5) This movie should have been called Freya vs. Ravenna: Dawn of the Cheekbones
There are plenty of components in this movie that look devastatingly cheap. The sequel had $55 million less to play with in its budget, and it shows. The fight scenes are scaled down, the special effects aren't as frequent, and the sets feel stagnant.
But the film didn't cut corners when it came to costumes and makeup. Theron's Ravenna looks the part of the grand, opulent sorceress she's meant to be.
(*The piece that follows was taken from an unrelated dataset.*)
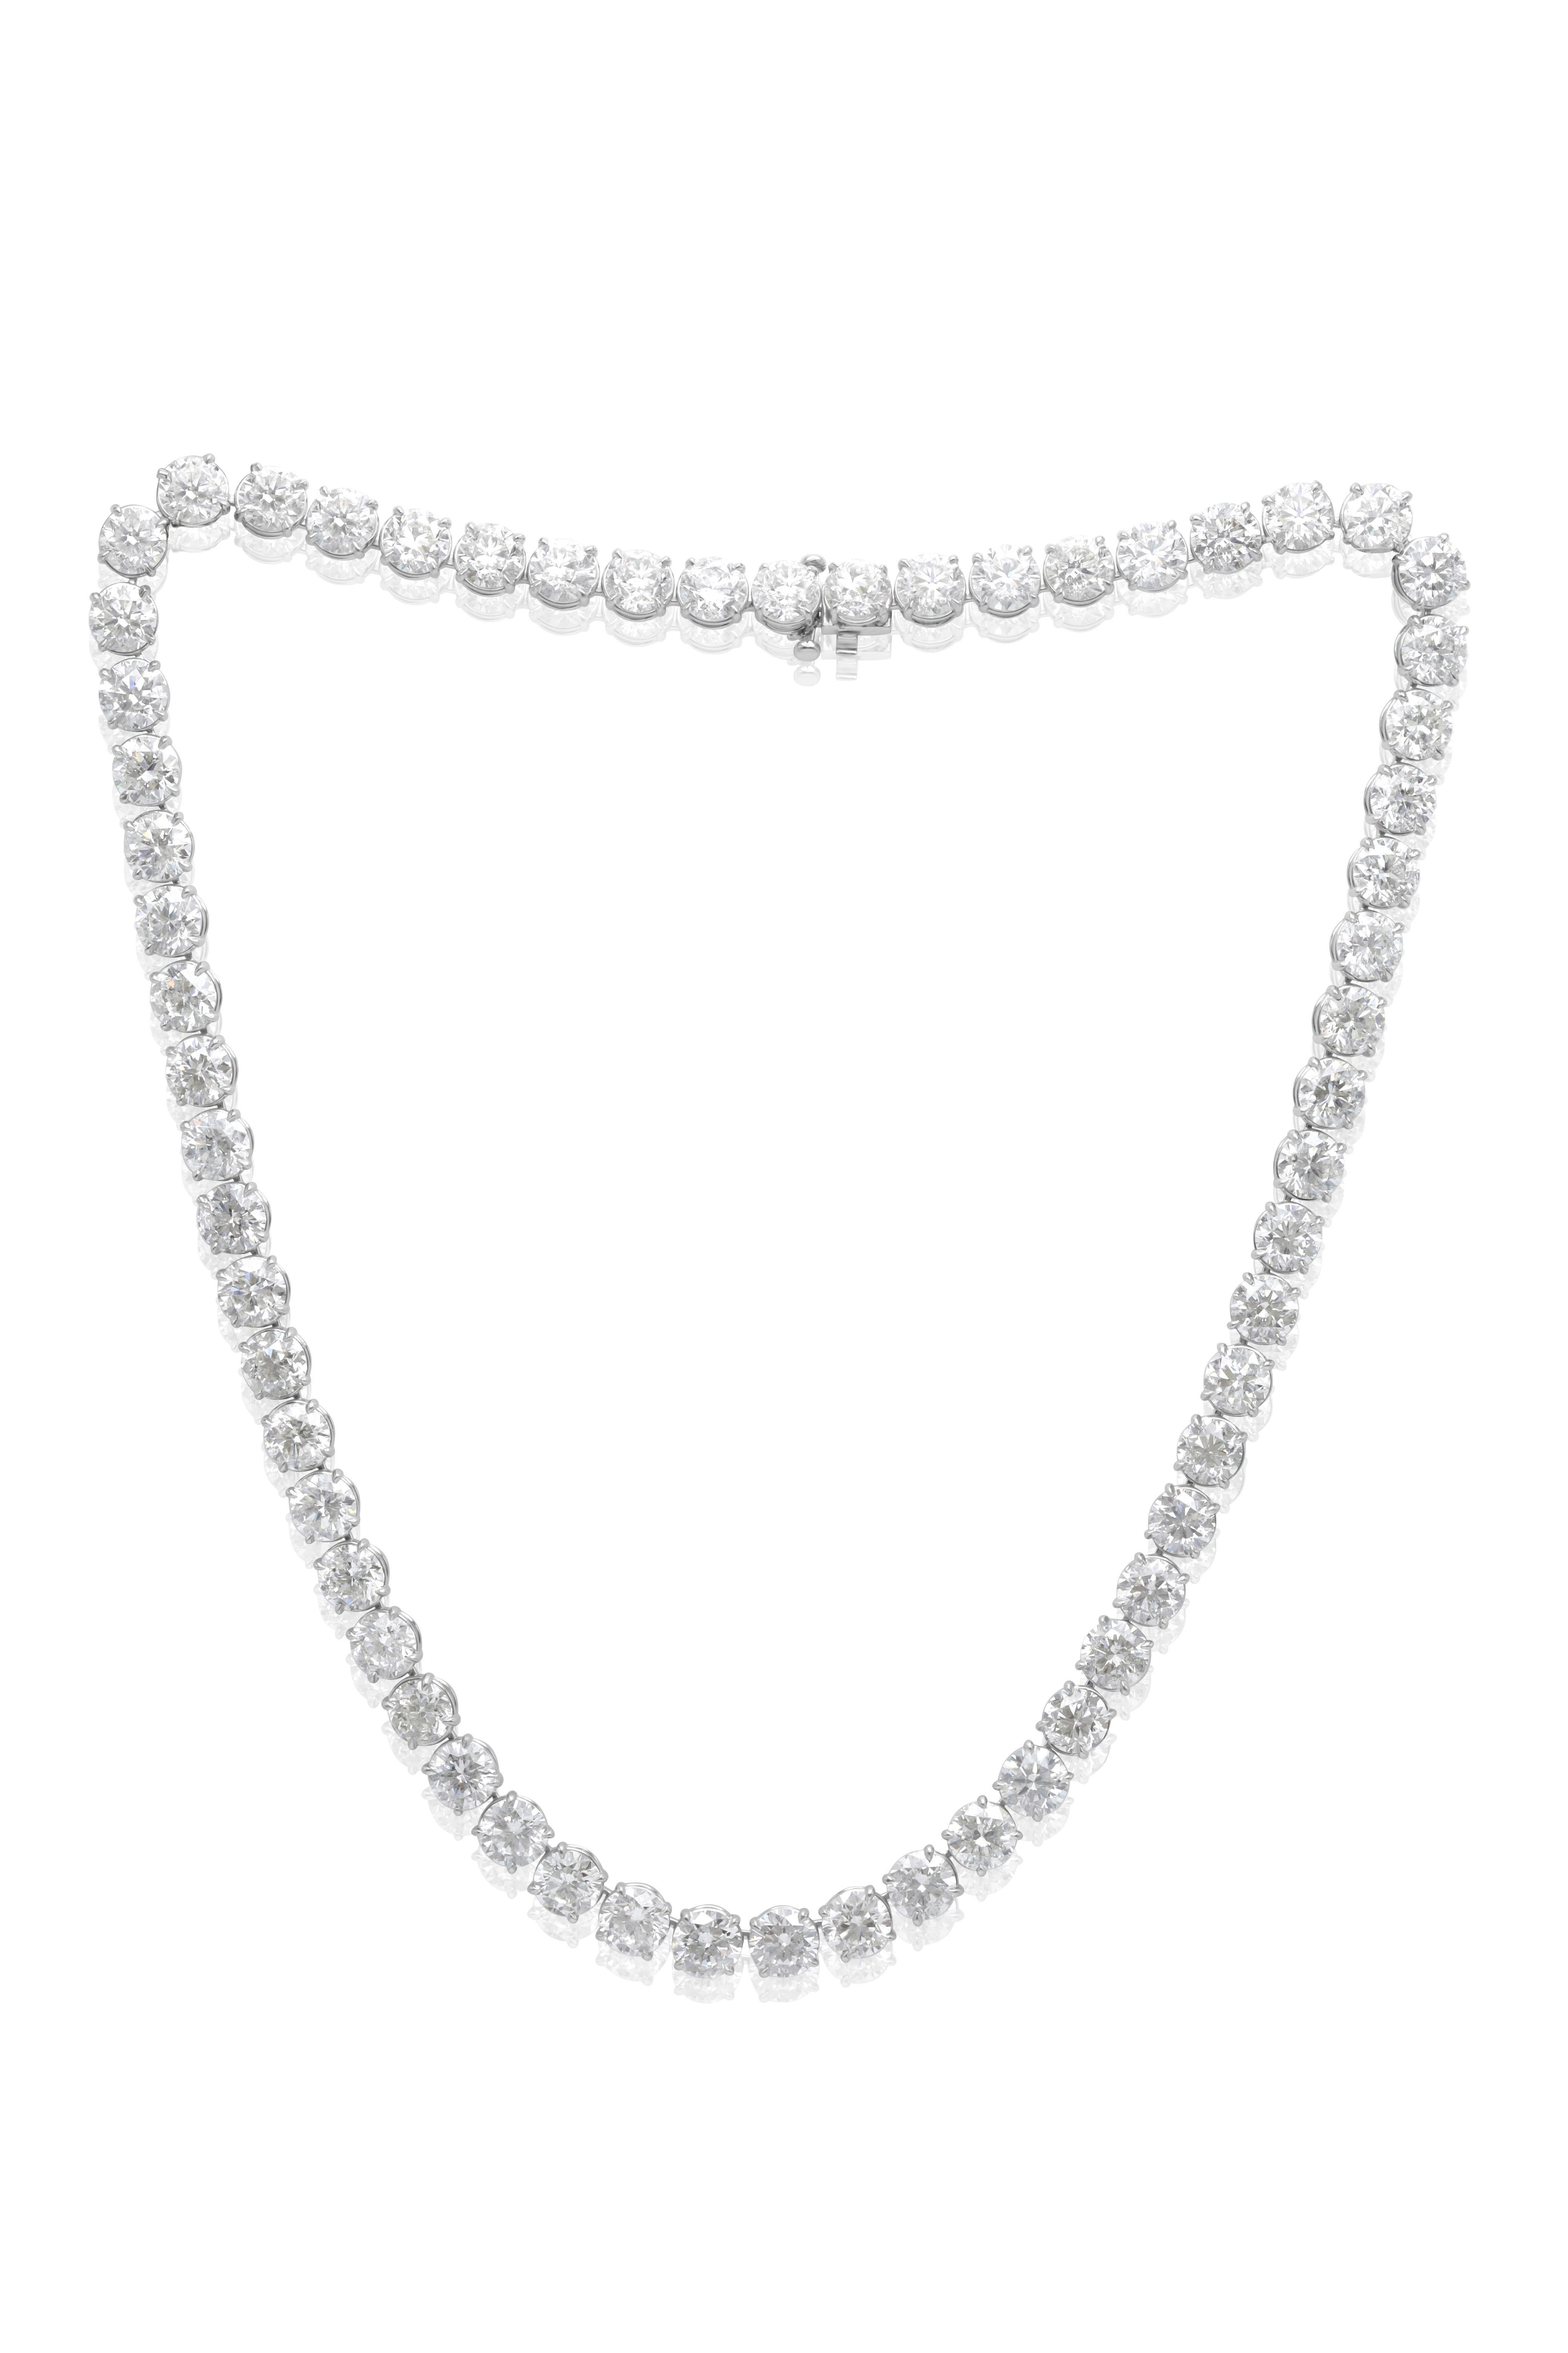 Round Cut Diana M. Custom 37.65 cts 4 Prong  Round Diamond 18k White Gold Tennis Necklace  For Sale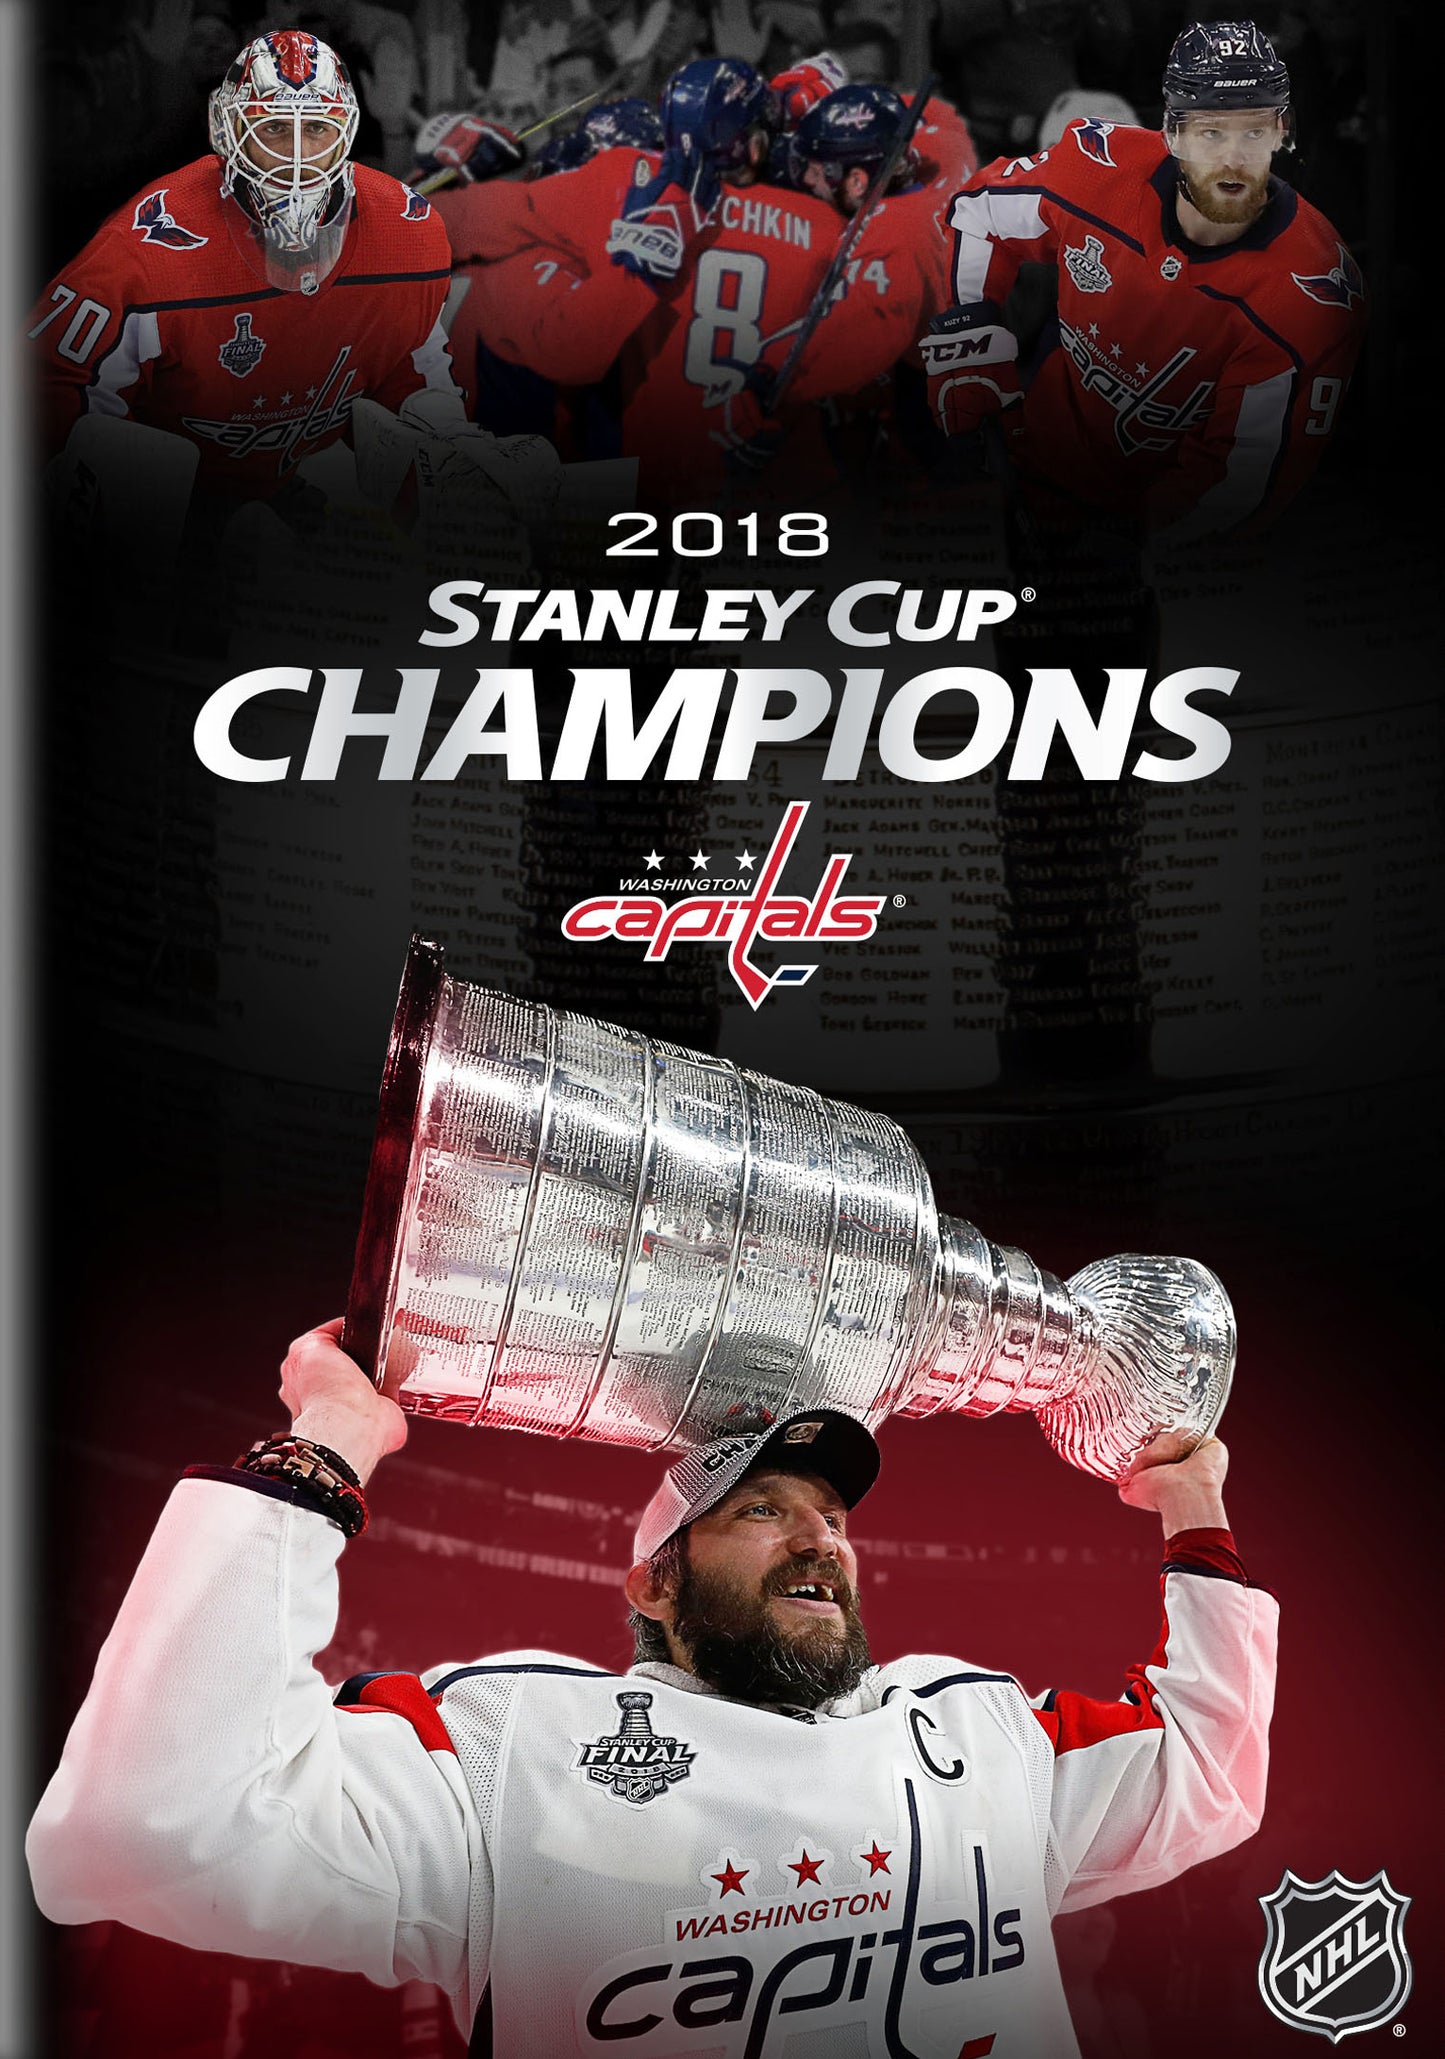 NHL: 2018 Stanley Cup Champions cover art

She's the kind of villain that lives in a fairy tale Karl Lagerfeld tells to scare tiny children.
Freya's icy airlessness comes through in the different robes and layers of armor she wears. When she walks, she clinks and jangles — weighed down by ornate crystals and shimmery jewels, seemingly painted on her porcelain skin. Her Huntsmen look like they're part of The Hunger Games' District 12 — decked out in alternating layers of leather and shaggy rags.
Seeing all these good-looking people decked out in amazing costumes almost makes you forget that there's very little else to like beyond the movie's design and utter ridiculousness. The keyword being: almost.
The Huntsman: Winter's War is playing throughout the country.